What Senta Dreams (Under General Anesthesia)

I. August

I dreamed of Jersey cows
their root beer colored deco eyes wide as my daughter’s wide as someday

when I explain about the moon and the waves and how a thing can pull another
in unseen directions in an endlessness that rewards human waiting. Even as we sleep.

Our waiting is encouraged by cycles, I point out, on this day. And drastic is best.
We’re made hopeful by the topic of transformation.

I dreamed of yogurt pooled in lava flows of tart at our feet

our heels and ankles anchored as we, sand-bound, wind-swept
re-spent a day at the beach leaning back against changeless charming sky, the sea

reaching forward, receding in mist hisses
audible dissolution of legendary lunar output

until something me broke through pulling something me and
without added effort of courage I woke up.

II. June

Since I can never know what Senta dreams even when she tells me
I will tell you in my own words.

Progress, momentum, and homecoming.

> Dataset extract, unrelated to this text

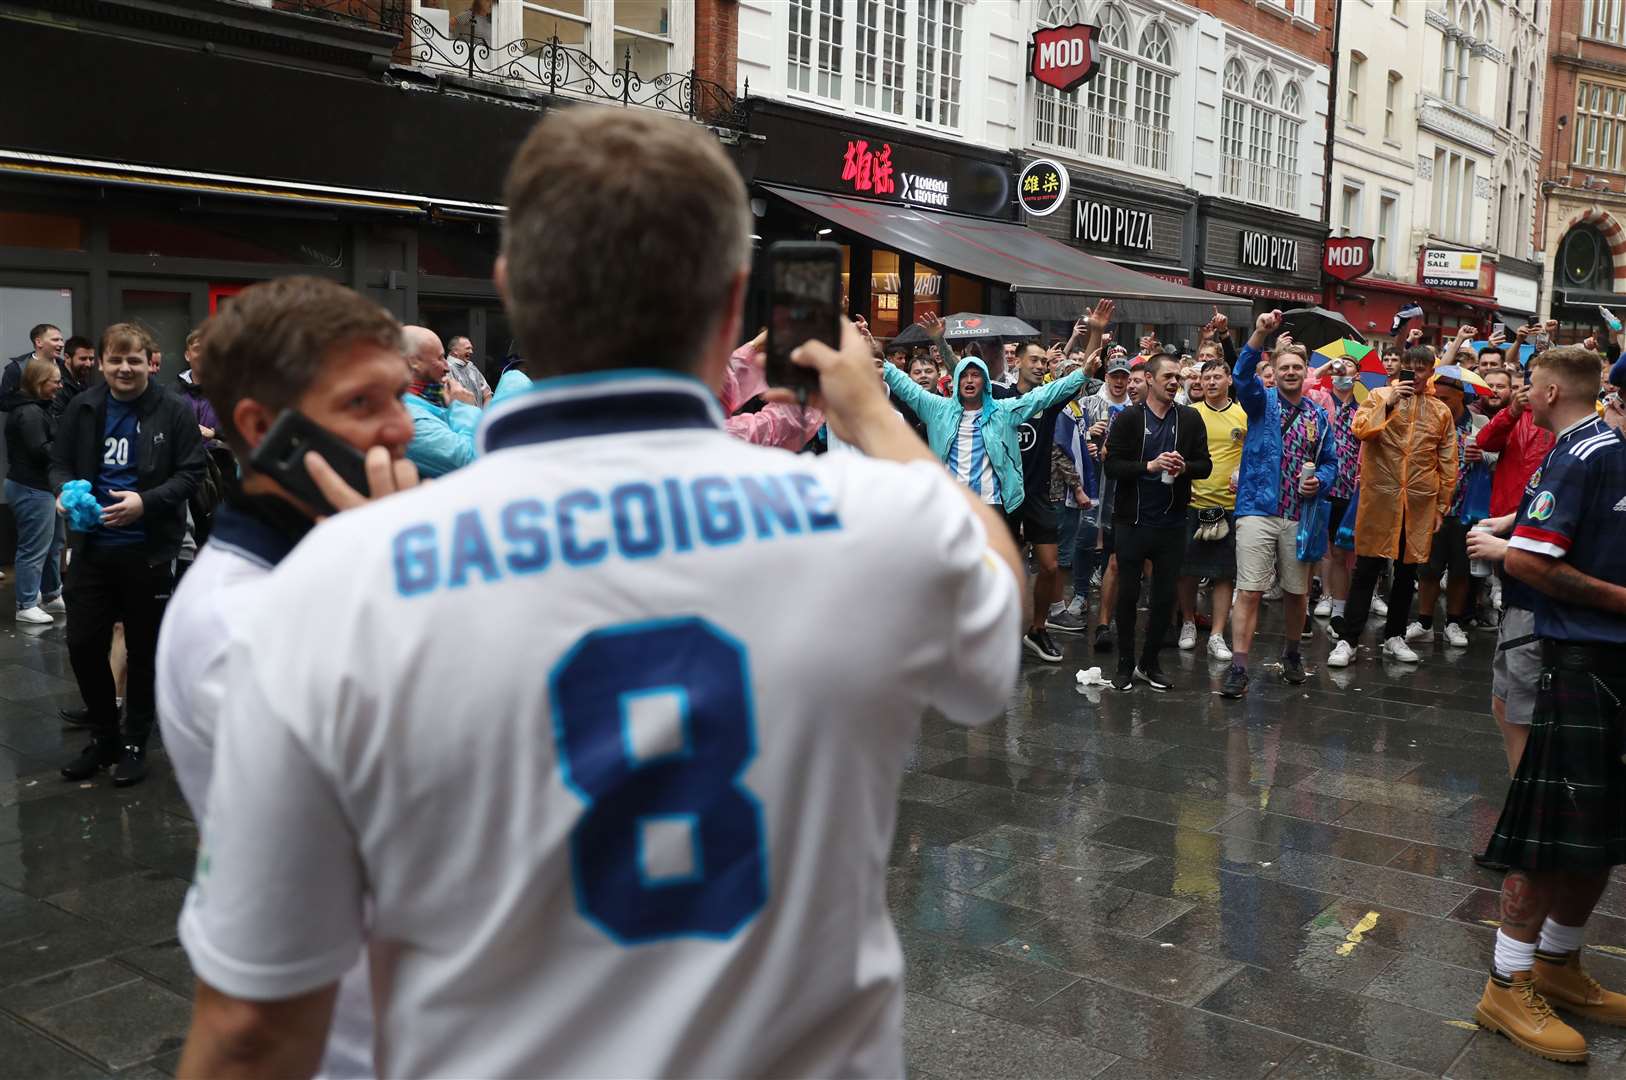 An England fan’s shirt pays tribute to Paul Gascoigne, star of Euro 96 (Kieran Cleeves/PA)

And not necessarily in that order.
Watching the time in Seasons. Seeing this body.

When the urge to sort finds me I remind myself how I was born and belong
to transformation. Beyond which there’s only beauty and the sublime

and that big hug that Amma gives out at the convention center

oblivion promise of a falling where
plasma filled void muffles

shutting eyes
closed even against rose petals and jasmine in where

you hear the whole empty chamber of your voice
your sighs, and thoughts as deliberate as arrows.